== Listed records ==

┄┄┄┄┄┄┄┄┄┄┄┄┄┄┄┄┄┄┄┄

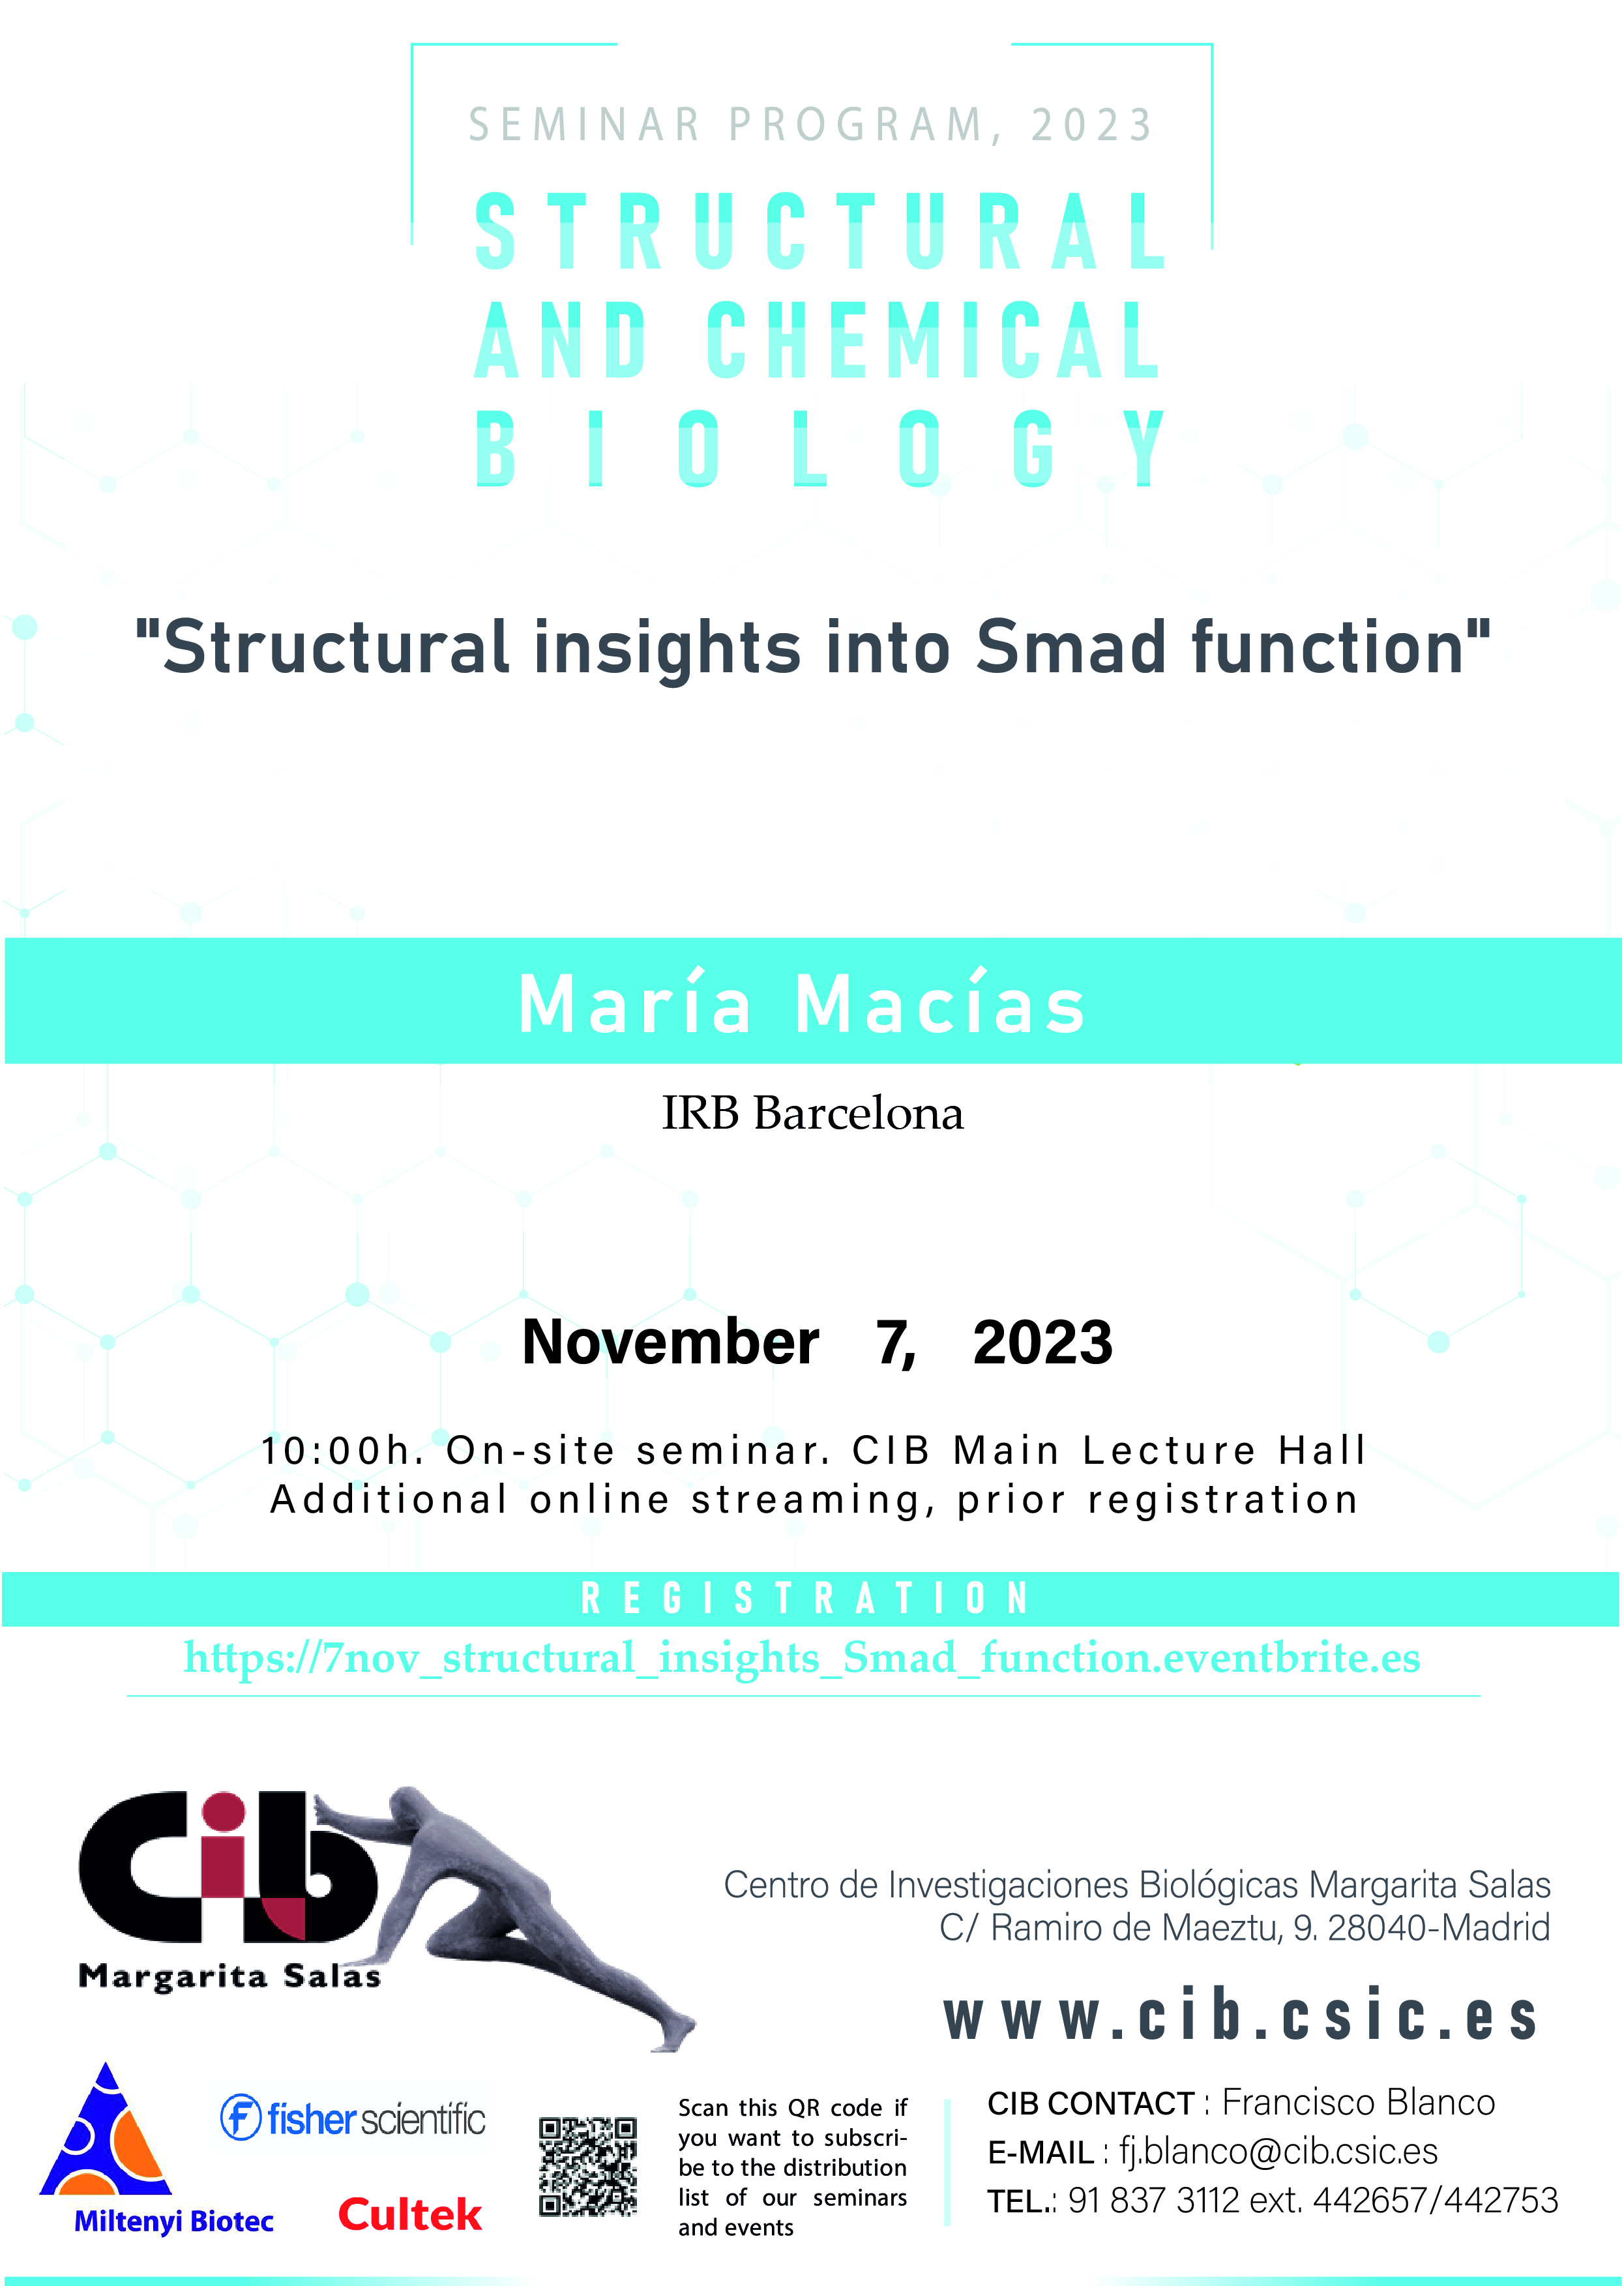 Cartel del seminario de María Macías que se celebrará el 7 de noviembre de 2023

┄┄┄┄┄┄┄┄┄┄┄┄┄┄┄┄┄┄┄┄

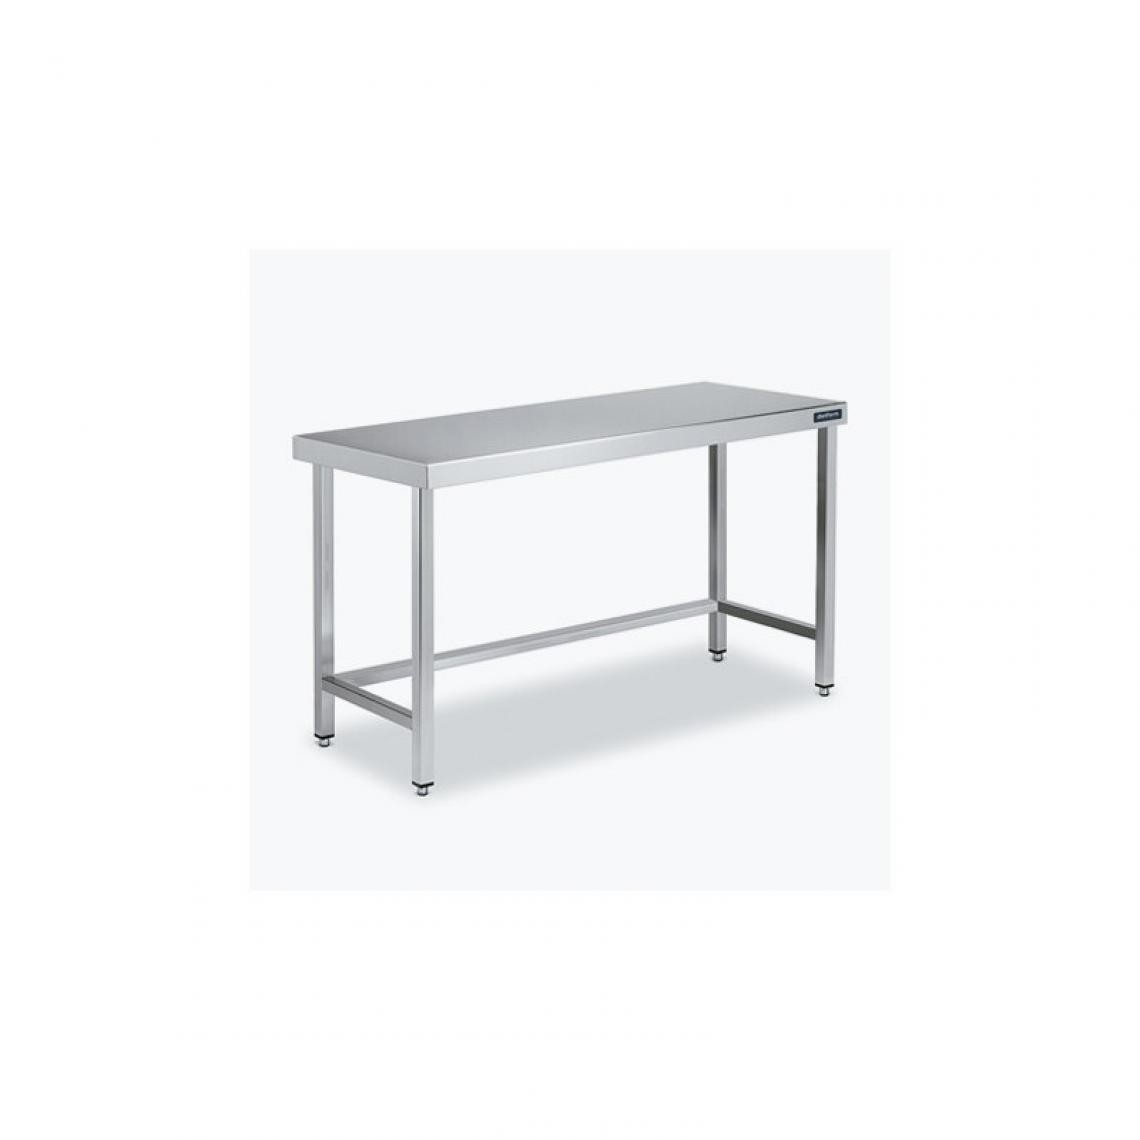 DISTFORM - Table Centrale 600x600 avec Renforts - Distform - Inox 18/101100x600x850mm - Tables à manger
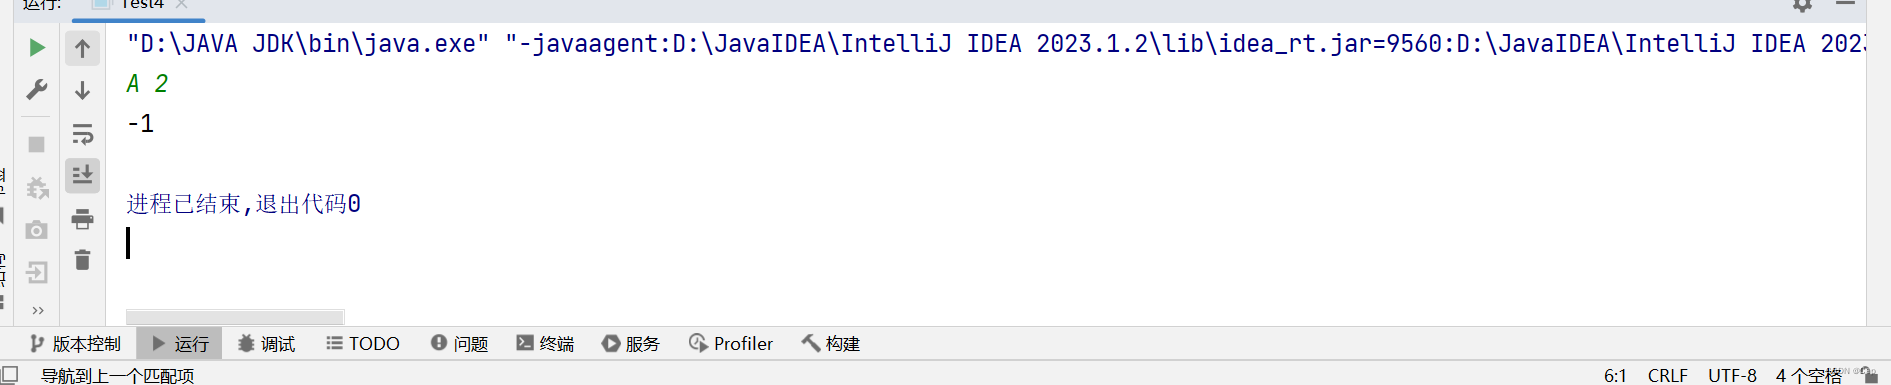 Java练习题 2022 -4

┄┄┄┄┄┄┄┄┄┄┄┄┄┄┄┄┄┄┄┄

== Exercise instructions ==
Return the lines above from the one with "DISTFORM - Table" through the one with "Java练习题 2022 -4", verbatim and nothing else. Omit every picture.

== Reply ==
 DISTFORM - Table Centrale 600x600 avec Renforts - Distform - Inox 18/101100x600x850mm - Tables à manger
 Java练习题 2022 -4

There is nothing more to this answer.